Gieger Christian, Geistlinger Ludwig, Altmaier Elisabeth, Hrabé de Angelis Martin, Kronenberg Florian, Meitinger Thomas, Mewes Hans-Werner, Wichmann H-Erich, Weinberger Klaus M, Adamski Jerzy, Illig Thomas, Suhre Karsten
Institute of Epidemiology, Helmholtz Zentrum München, German Research Center for Environmental Health, Neuherberg, Germany.
PLoS Genet. 2008 Nov;4(11):e1000282. doi: 10.1371/journal.pgen.1000282. Epub 2008 Nov 28.
The rapidly evolving field of metabolomics aims at a comprehensive measurement of ideally all endogenous metabolites in a cell or body fluid. It thereby provides a functional readout of the physiological state of the human body. Genetic variants that associate with changes in the homeostasis of key lipids, carbohydrates, or amino acids are not only expected to display much larger effect sizes due to their direct involvement in metabolite conversion modification, but should also provide access to the biochemical context of such variations, in particular when enzyme coding genes are concerned. To test this hypothesis, we conducted what is, to the best of our knowledge, the first GWA study with metabolomics based on the quantitative measurement of 363 metabolites in serum of 284 male participants of the KORA study. We found associations of frequent single nucleotide polymorphisms (SNPs) with considerable differences in the metabolic homeostasis of the human body, explaining up to 12% of the observed variance. Using ratios of certain metabolite concentrations as a proxy for enzymatic activity, up to 28% of the variance can be explained (p-values 10(-16) to 10(-21)). We identified four genetic variants in genes coding for enzymes (FADS1, LIPC, SCAD, MCAD) where the corresponding metabolic phenotype (metabotype) clearly matches the biochemical pathways in which these enzymes are active. Our results suggest that common genetic polymorphisms induce major differentiations in the metabolic make-up of the human population. This may lead to a novel approach to personalized health care based on a combination of genotyping and metabolic characterization. These genetically determined metabotypes may subscribe the risk for a certain medical phenotype, the response to a given drug treatment, or the reaction to a nutritional intervention or environmental challenge.
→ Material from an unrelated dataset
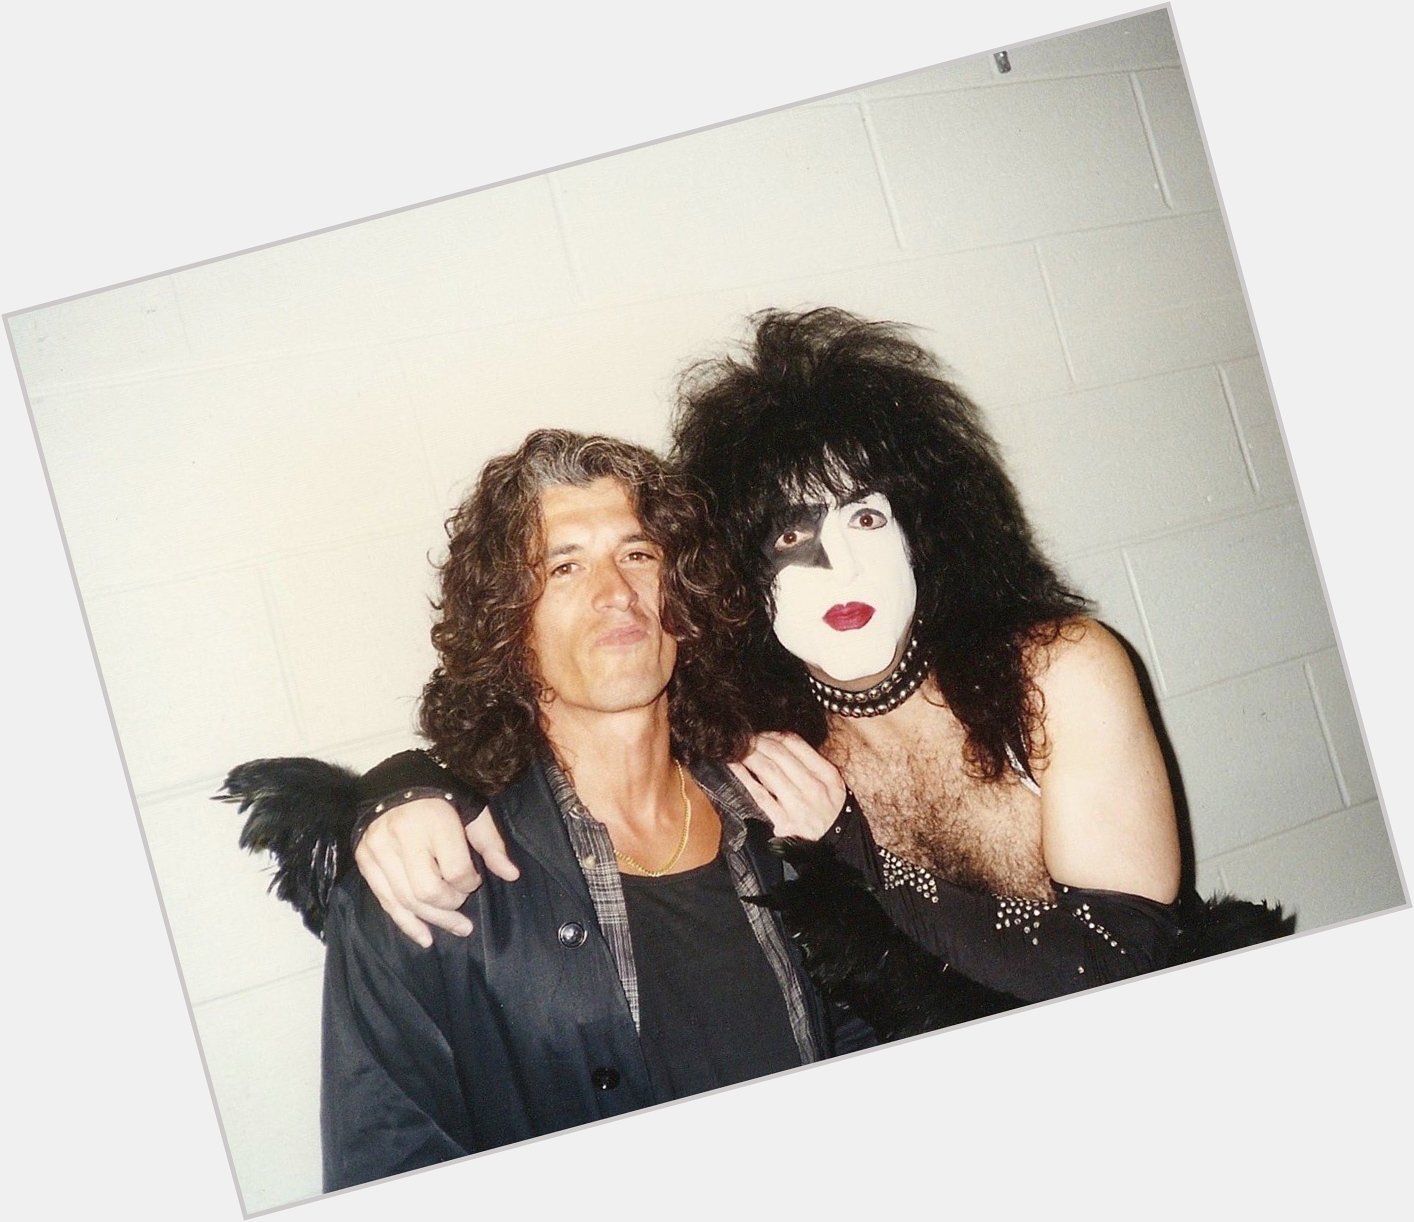 Happy Birthday to a real star! Mr. Paul Stanley.

Photo by: John Bionelli

代谢组学这一快速发展的领域旨在全面测量细胞或体液中理想状态下的所有内源性代谢物。由此,它提供了人体生理状态的功能性读数。与关键脂质、碳水化合物或氨基酸稳态变化相关的基因变异,不仅因其直接参与代谢物转化修饰而预期会表现出大得多的效应大小,而且还应能揭示此类变异的生化背景,尤其是在涉及酶编码基因时。为了验证这一假设,据我们所知,我们基于对KORA研究中284名男性参与者血清中363种代谢物的定量测量,开展了首次代谢组学全基因组关联研究(GWA研究)。我们发现常见单核苷酸多态性(SNP)与人体代谢稳态的显著差异存在关联,可解释高达12%的观察到的变异。使用某些代谢物浓度比值作为酶活性的替代指标,高达28%的变异可得到解释(P值为10^(-16)至10^(-21))。我们在编码酶的基因(FADS1、LIPC、SCAD、MCAD)中鉴定出四个基因变异,其相应的代谢表型(代谢型)与这些酶所活跃的生化途径明显匹配。我们的结果表明,常见的基因多态性会导致人群代谢组成的重大差异。这可能会带来一种基于基因分型和代谢特征相结合的个性化医疗保健新方法。这些由基因决定的代谢型可能预示着某种医学表型的风险、对特定药物治疗的反应,或对营养干预或环境挑战的反应。